A Francophilo is defined as ‘someone who hates the French but loves their patisseries’. And that’s me. I like to invent new words when the old ones don’t work any more.
Though I don’t really ‘hate’ the French in any real sense, I just hate the thought of them. Well, the French men that is. Don’t mind thinking about their women at all. Something I seem to share with their president. Though he’s a big supporter of the ‘actions speak louder’ campaign.
And apparently, London has between 300,000 and 400,000 French nationals living here.
Which means to me that there are 100,000 French people pretty much unaccounted for. I mean, they’re either here or they’re not. They can’t all be on Eurostar (at the time of the counting), nor out the house shagging someone else’s wife, surely. The Missing. They’ll make a movie of it.
400,000 French people left to come to London… but only 300,000 arrived!!!!
They’re all here (making London France’s 6th largest city) because of Mnsr Hollande. Not in moral protest, the French have absolutely no moral standards whatsoever as anyone knows who’s ever stood in a lift queue in Courchevel. Bloody savages. But here because their pres. decided to tax them at 85% so he can get enough money to trade in his motor-scooter for a nice Renault Clio as befits the leader of a major European restaurant.

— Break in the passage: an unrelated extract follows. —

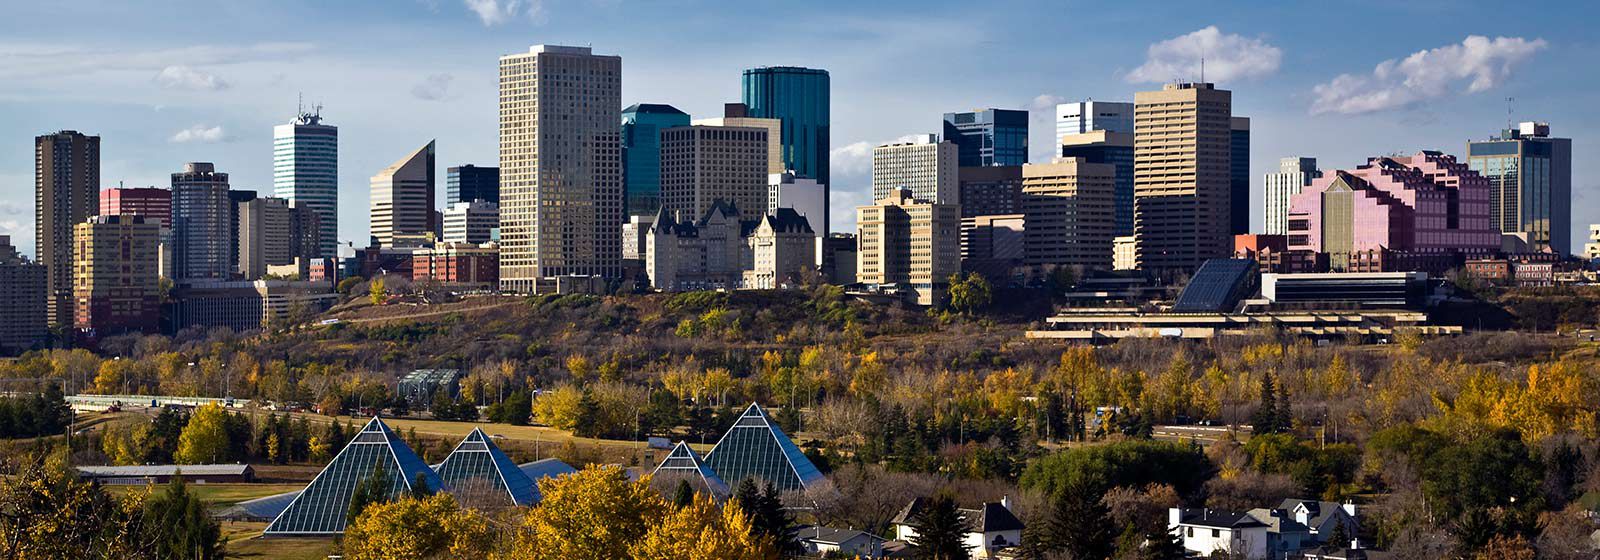 Skyline of Edmonton

There are parts of Kensington now where English is not spoken. The shops will only serve you in French, the staff are all appallingly rude and arrogant and there are gateaux everywhere.

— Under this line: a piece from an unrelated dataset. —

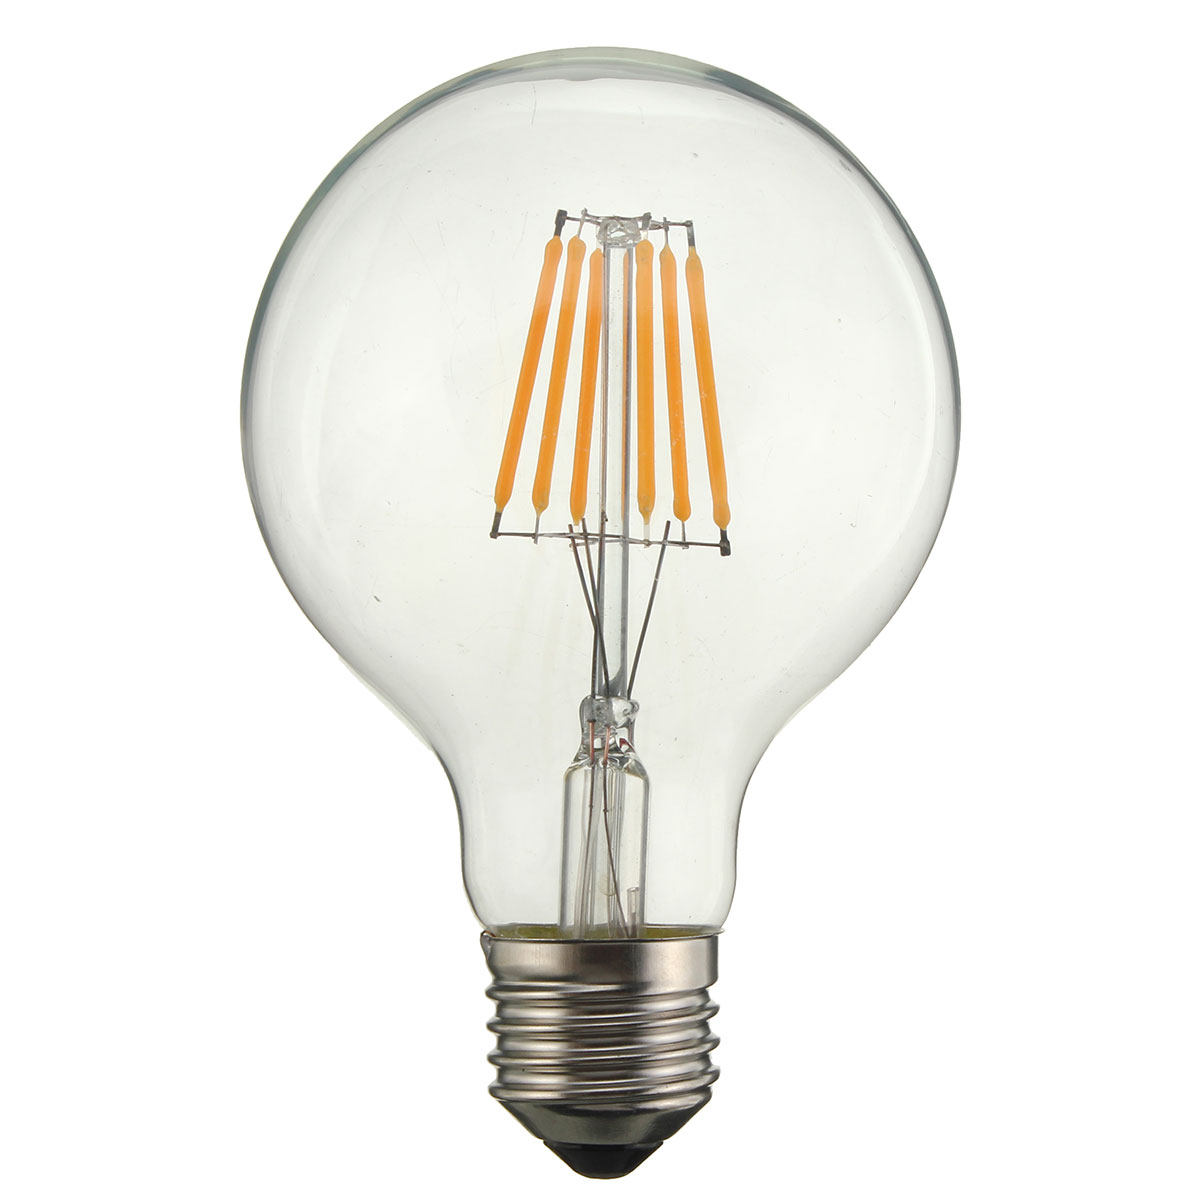 Dimmable-G80-E27-6W-COB-Warm-White-600Lumens-Retro-Vintage-Light-Lamp-Bulb-AC110V-AC220V-1074483-9

I despair, but still remain keen to find these 100,000 errant Frogs in case they all turn up at my house seeking asylum.
I love Tai Chi. My new ‘thing’. My main event. Its a wonderful form of relaxation, stretching, exercise and brutal violence. You go from philosophical meditation to broken collarbones in 0.6 seconds. Its where Marcel Proust meets Bruce Lee. And I don’t mean ‘in heaven’.
Last night we abandoned the more meditative and used each other as punch-bags. STAB-KICK-JAB-CROSS-JAB-KNEE-ROUNDHOUSE-KICK, and repeat as the victim glides backwards across the room holding up the punchbags. And repeat, and repeat, until someone either dies or you’re sweating so much you might drown.
I ended up with 2 rather nasty blisters on two of my rather nasty toes. I may sue.